• [Assigned task]: Return the data that follows exactly as it appears. Pictures do not belong in the copy.

• [Data section]:
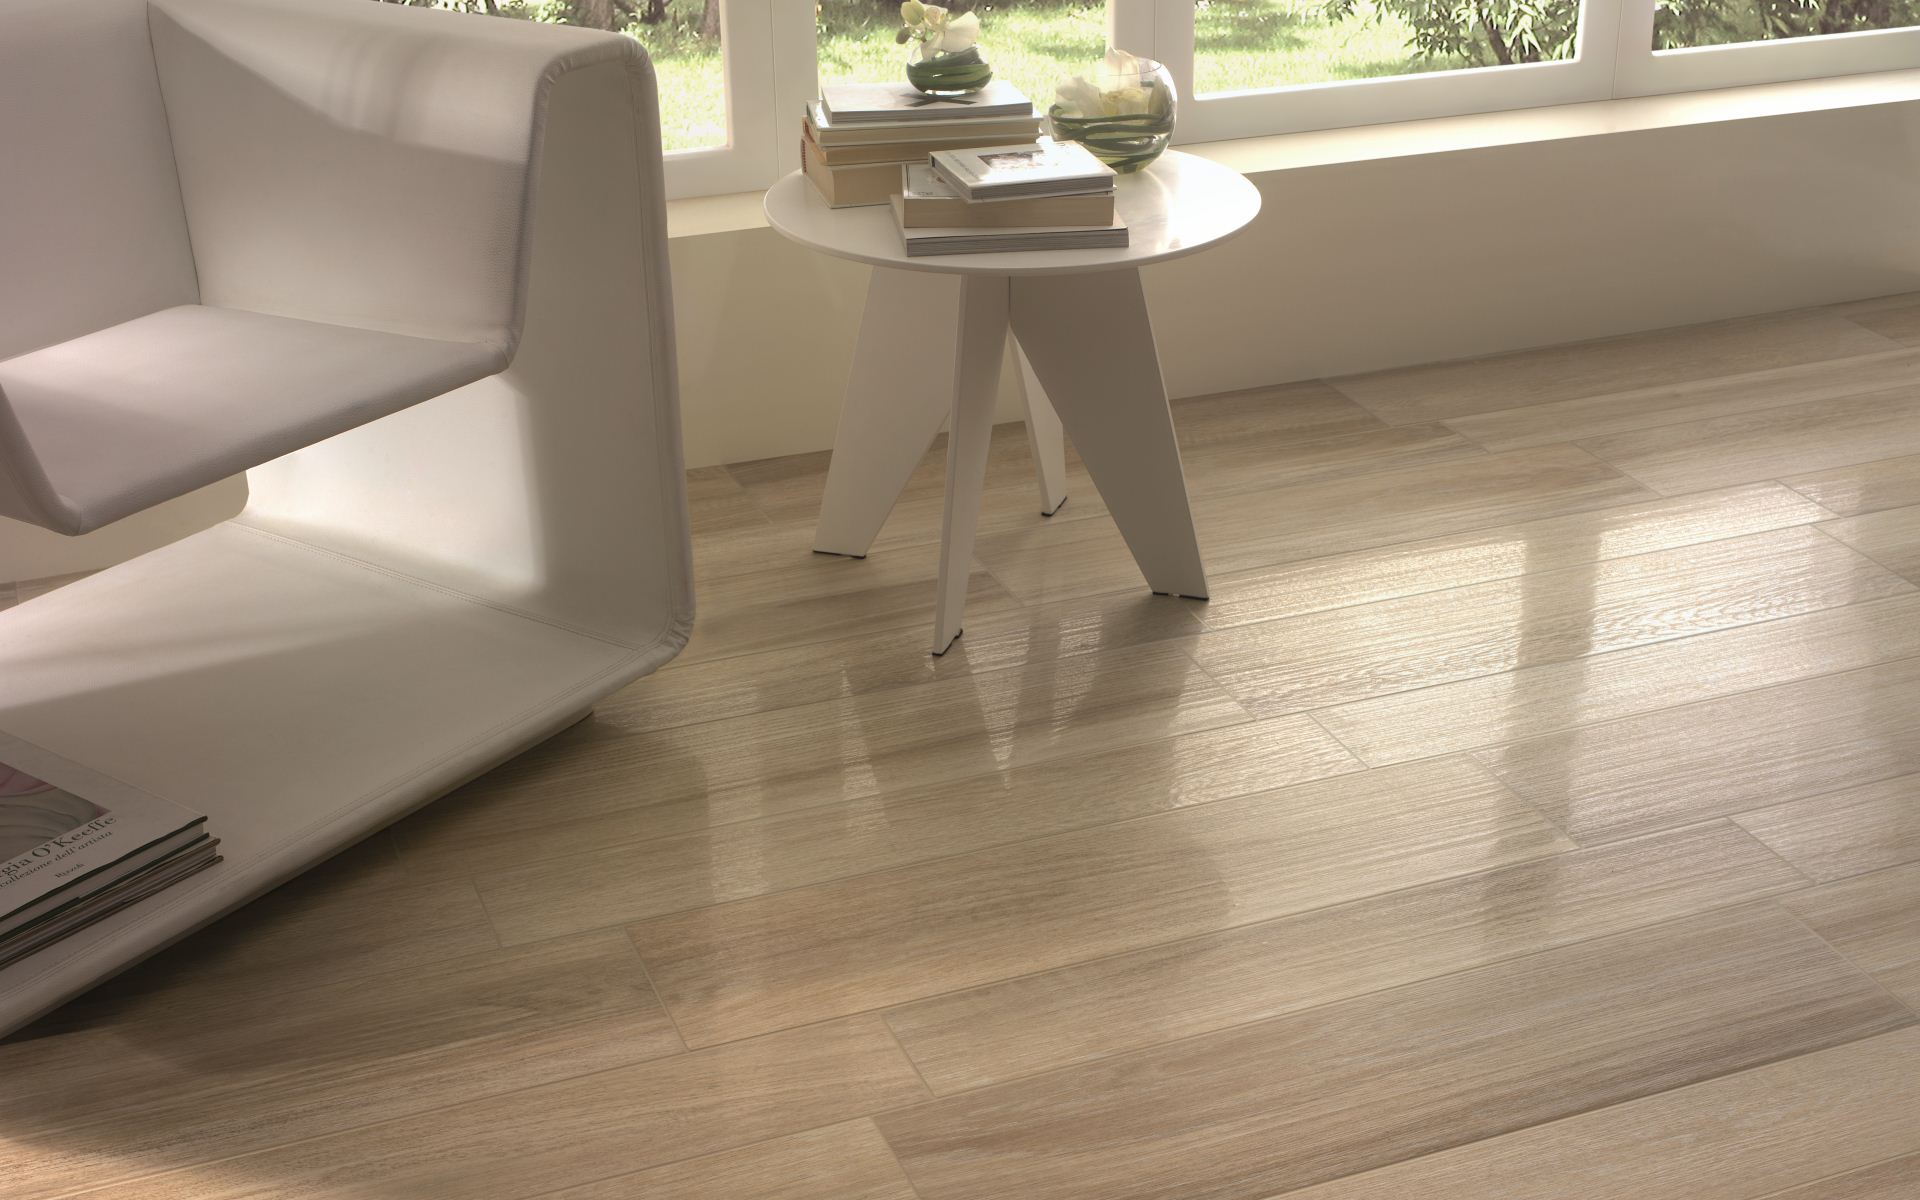 mywood-beige-13x80-20x80-lappato-cpy-2.jpg
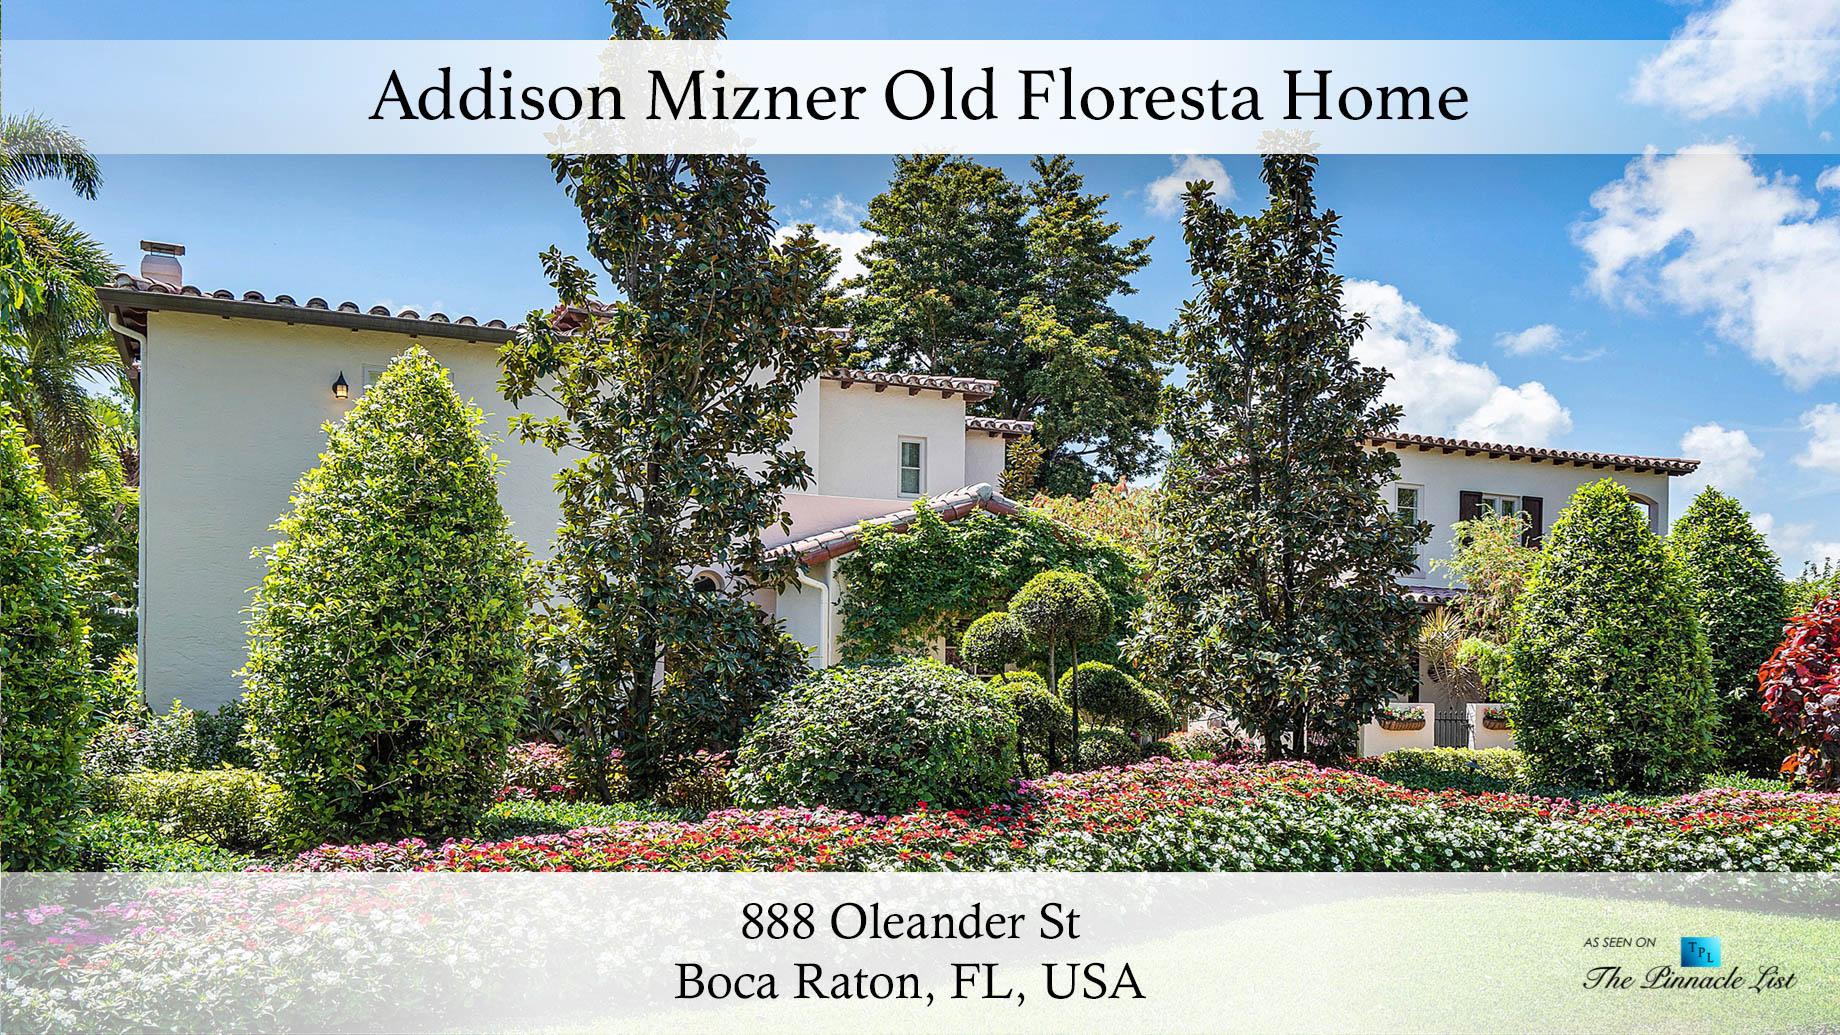 Addison Mizner Old Floresta Home – 888 Oleander St, Boca Raton, FL, USA
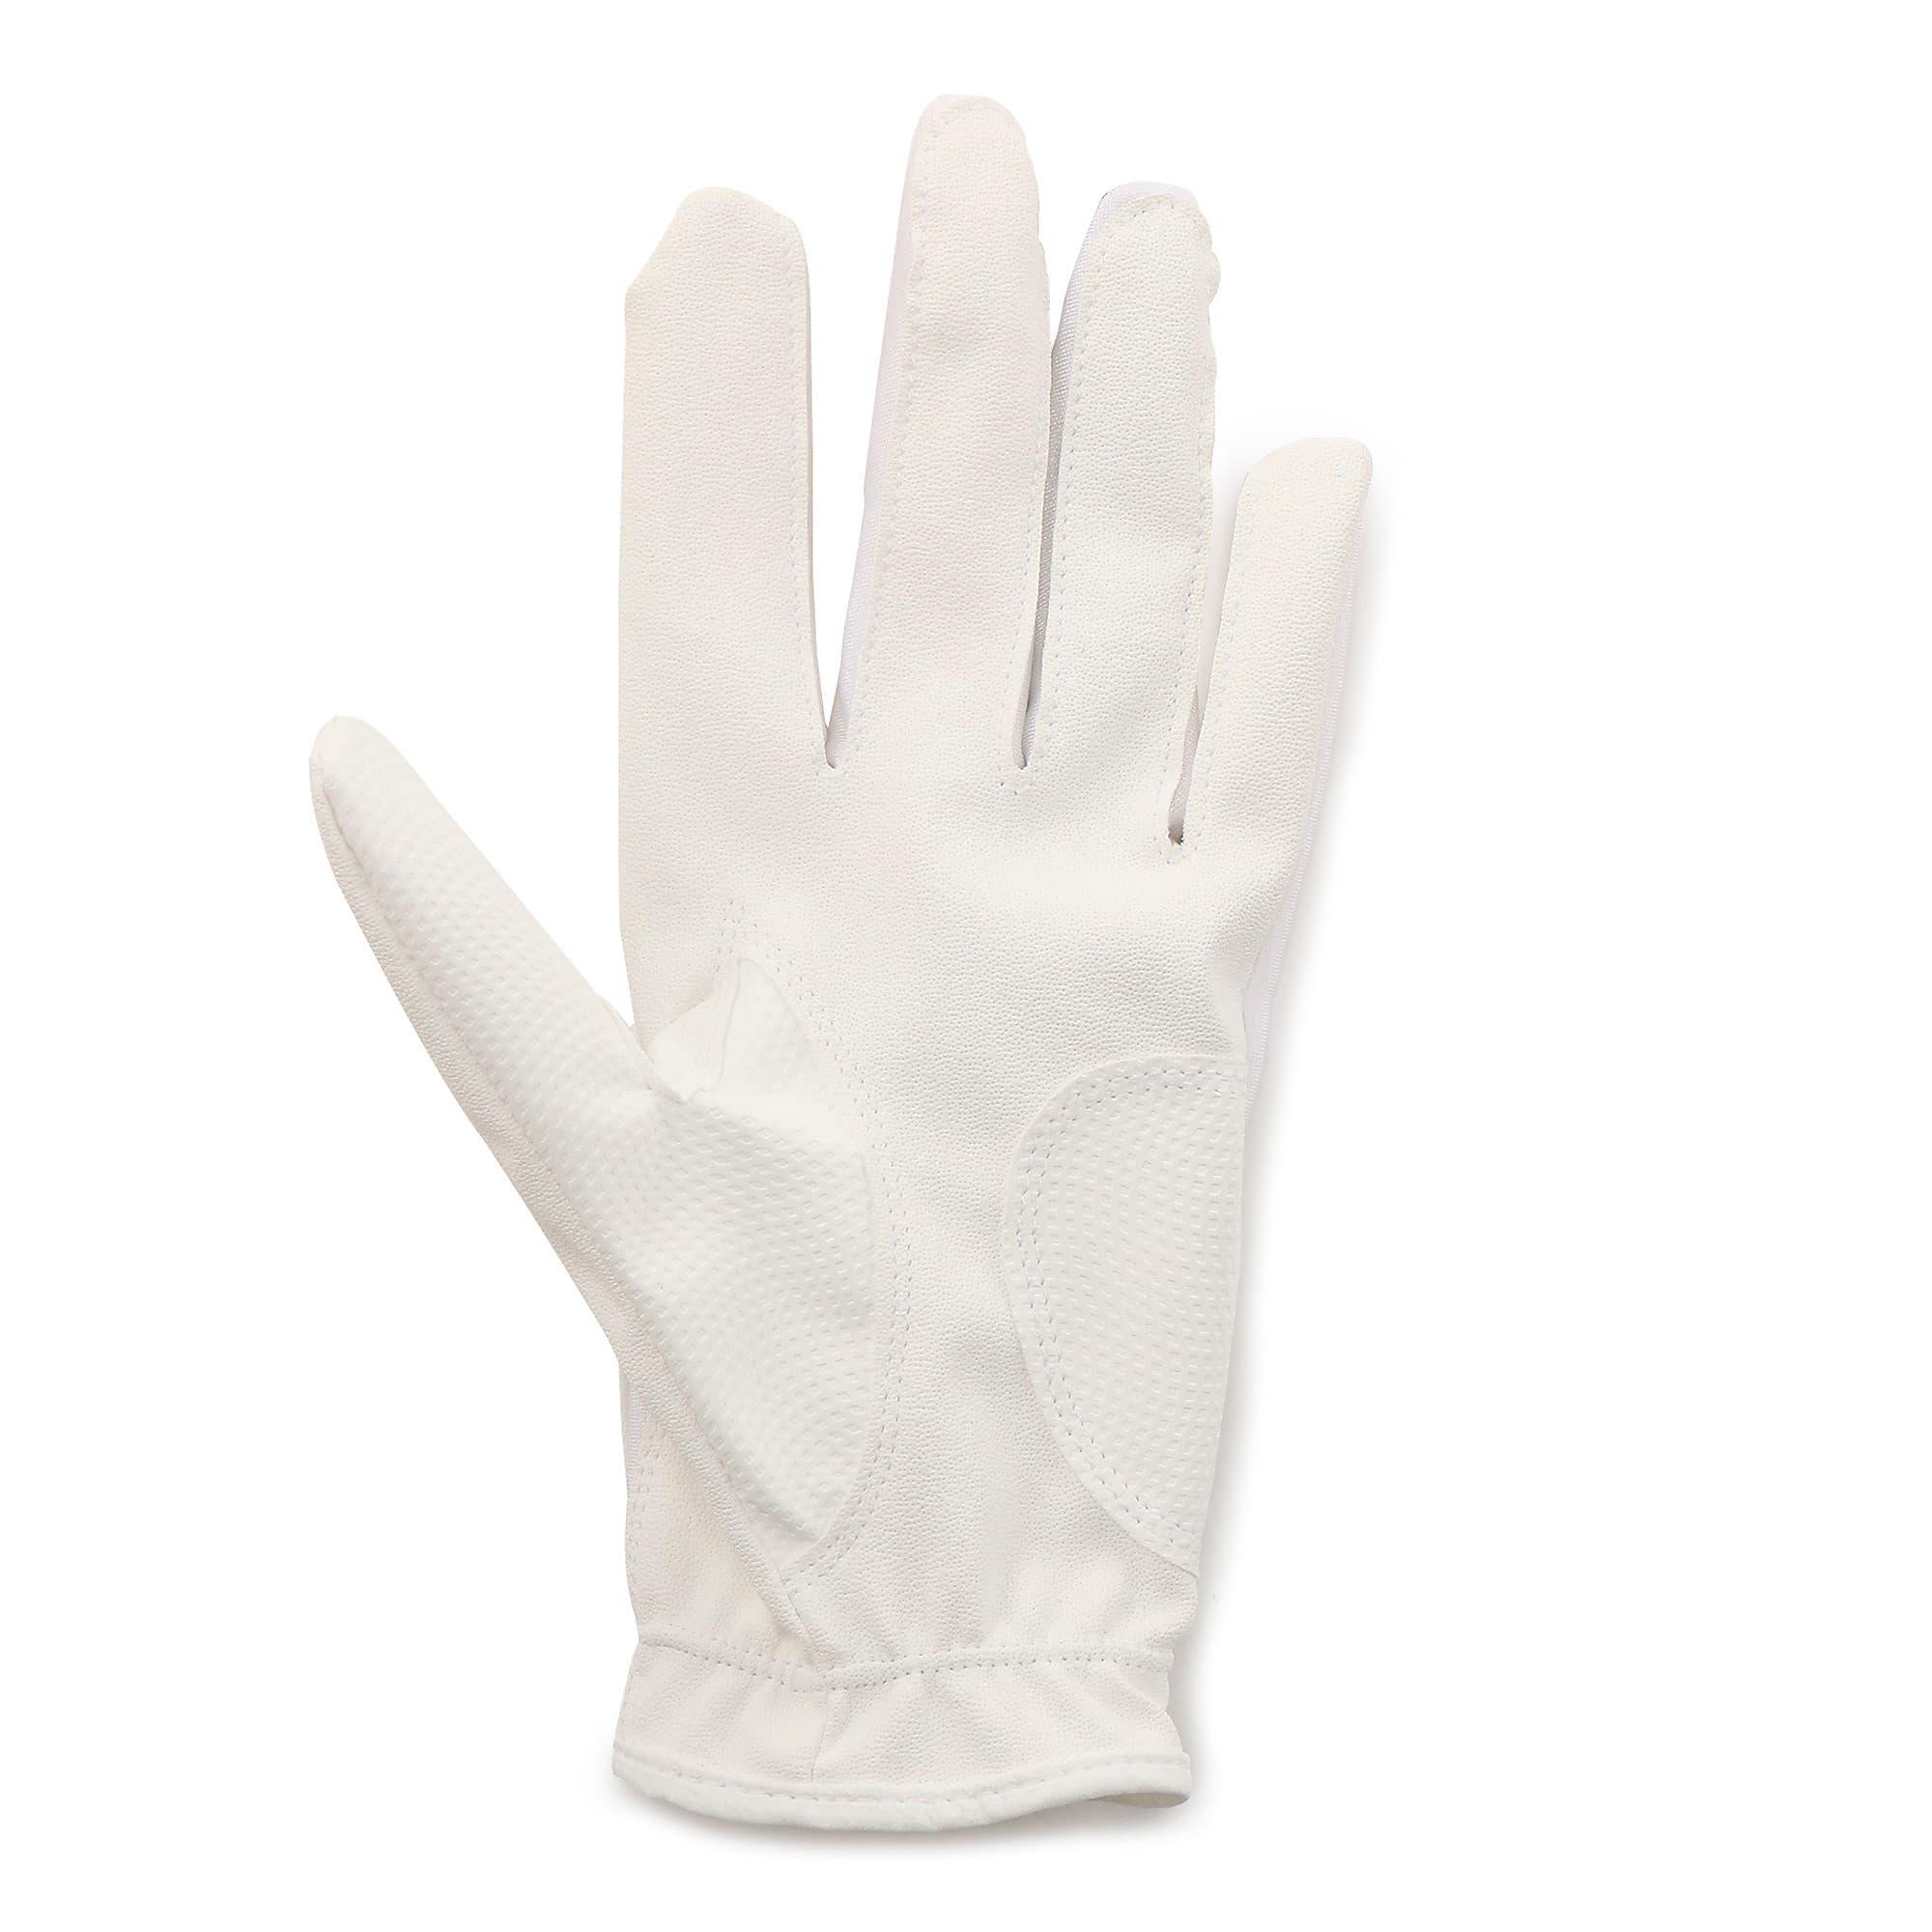 Thumbnail 2 of ゴルフ 3D ウィメンズ パフォーマンス グローブ 両手用, White / White, medium-JPN

• [Response to this exercise]:
 mywood-beige-13x80-20x80-lappato-cpy-2.jpg
 Addison Mizner Old Floresta Home – 888 Oleander St, Boca Raton, FL, USA
 Thumbnail 2 of ゴルフ 3D ウィメンズ パフォーマンス グローブ 両手用, White / White, medium-JPN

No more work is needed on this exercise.